L’Evangelo come mi è stato rivelato

Citazione

10.5 La Legge… Anna, non dirmi bestemmiatrice. Io penso che la Legge stia per essere mutata. Da chi, tu pensi, se è divina? Dal solo che mutare la può. Da Dio. Il tempo è prossimo più che non pensiate, io ve lo dico.
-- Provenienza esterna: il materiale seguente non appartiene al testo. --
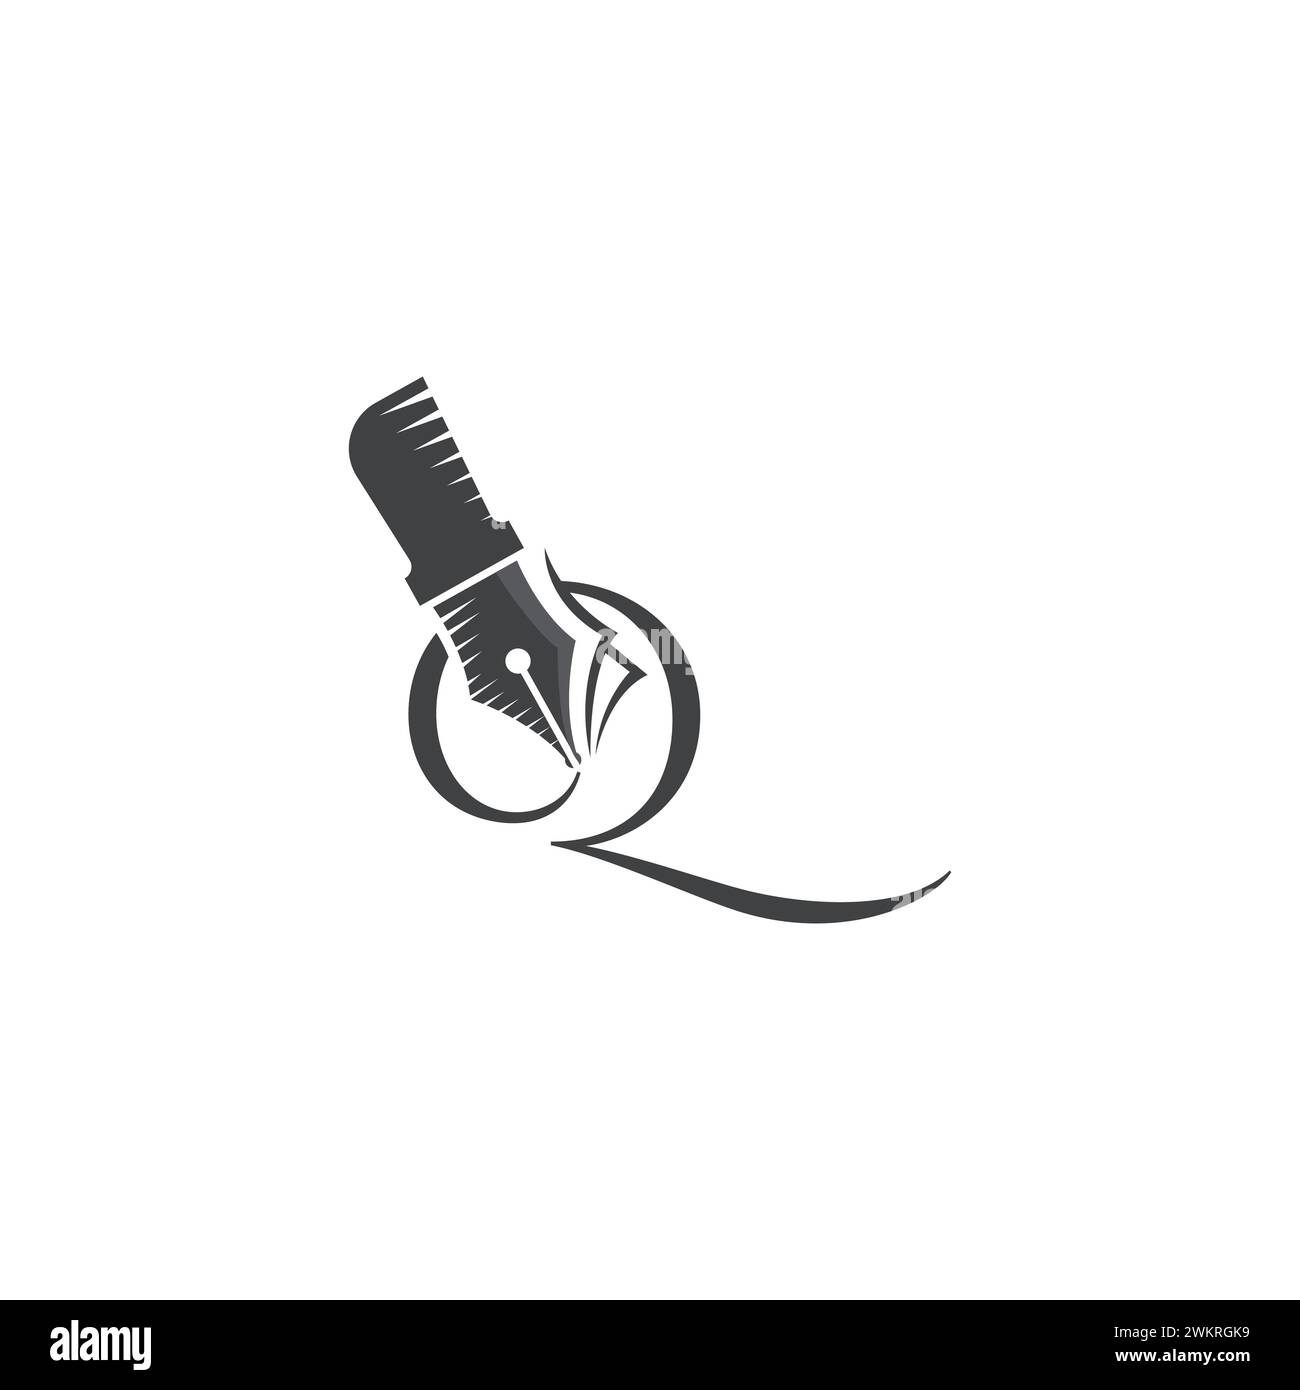 Icona classica del logo Q Pen. Logo della penna con la lettera iniziale q immagine della silhouette vettoriale. Design calligrafico Q a forma di matita. Illustrazione Vettoriale
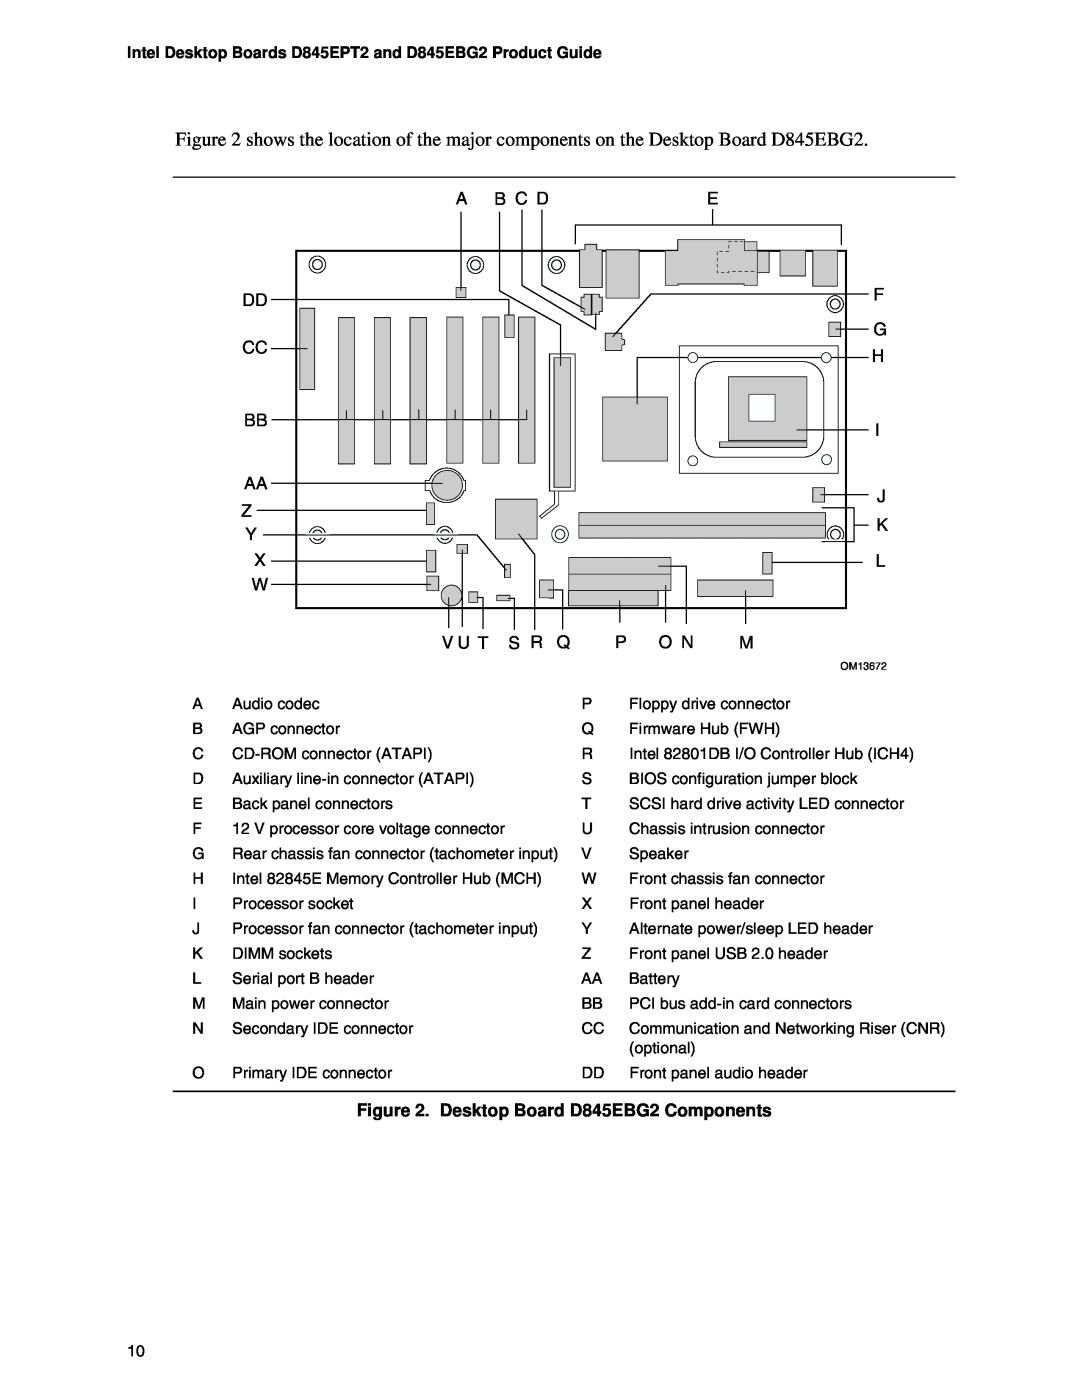 Intel D845EPT2 manual Desktop Board D845EBG2 Components, OM13672

Perché, leggendo Daniele, una gran luce mi si è fatta venendo dal centro del cuore, e la mente ha compreso il senso delle arcane parole. Abbreviate saranno le settanta settimane per le preghiere dei giusti. Mutato il numero degli anni? No. Profezia non mente. Ma non il corso del sole, sibbene quello della luna è la misura del tempo profetico, onde io dico: “Prossima è l’ora che udrà vagire il Nato da una Vergine”. Oh! volesse, questa Luce che mi ama, dirmi, poiché tante cose mi dice, dove è la felice che partorirà il Figlio a Dio e il Messia al suo popolo! Camminando scalza percorrerei la Terra, né freddo e gelo, né polvere e solleone, né fiere e fame mi farebbero ostacolo per giungere a Lei e dirle: “Concedi alla tua serva e alla serva dei servi del Cristo di vivere sotto il tuo tetto. Girerò la macina e lo strettoio, come schiava alla macina mettimi, come mandriana al tuo gregge, come colei che deterge i pannilini al tuo Nato, mettimi nelle tue cucine, mettimi ai tuoi forni… dove tu vuoi, ma accoglimi. Che io lo veda! Ne oda la voce! Ne riceva lo sguardo”. E, se non mi volesse, mendica alla sua porta io vivrei di elemosine e scherni, all’addiaccio e al solleone, pur di udire la voce del Messia bambino e l’eco delle sue risa, e poi vederlo passare… E forse un giorno riceverei da Lui l’obolo di un pane… Oh! se la fame mi straziasse le viscere e mi sentissi mancare dopo tanto digiuno, non mangerei quel pane. Lo terrei come sacchetto di perle contro il cuore e lo bacerei per sentire il profumo della mano del Cristo, e non avrei più fame né freddo, perché il contatto mi darebbe estasi e calore, estasi e cibo…».

Dettaglio

Maria parlò ad Anna di Fanuel e le disse:

Annotazione

Leggendo Daniele, mi è apparsa una grande luce, venuta dal profondo del mio cuore, e la mia comprensione ha colto il significato di queste parole segrete. Le settanta settimane saranno abbreviate grazie alle preghiere dei giusti. Il numero degli anni sarà allora cambiato? No, la profezia non mente. Ma la misura del tempo profetico non si basa sul corso del sole, bensì su quello della luna. Per questo dico: "È vicina l'ora in cui si sentirà vagire il figlio di una vergine". "Vedi Daniele 9, 23-27.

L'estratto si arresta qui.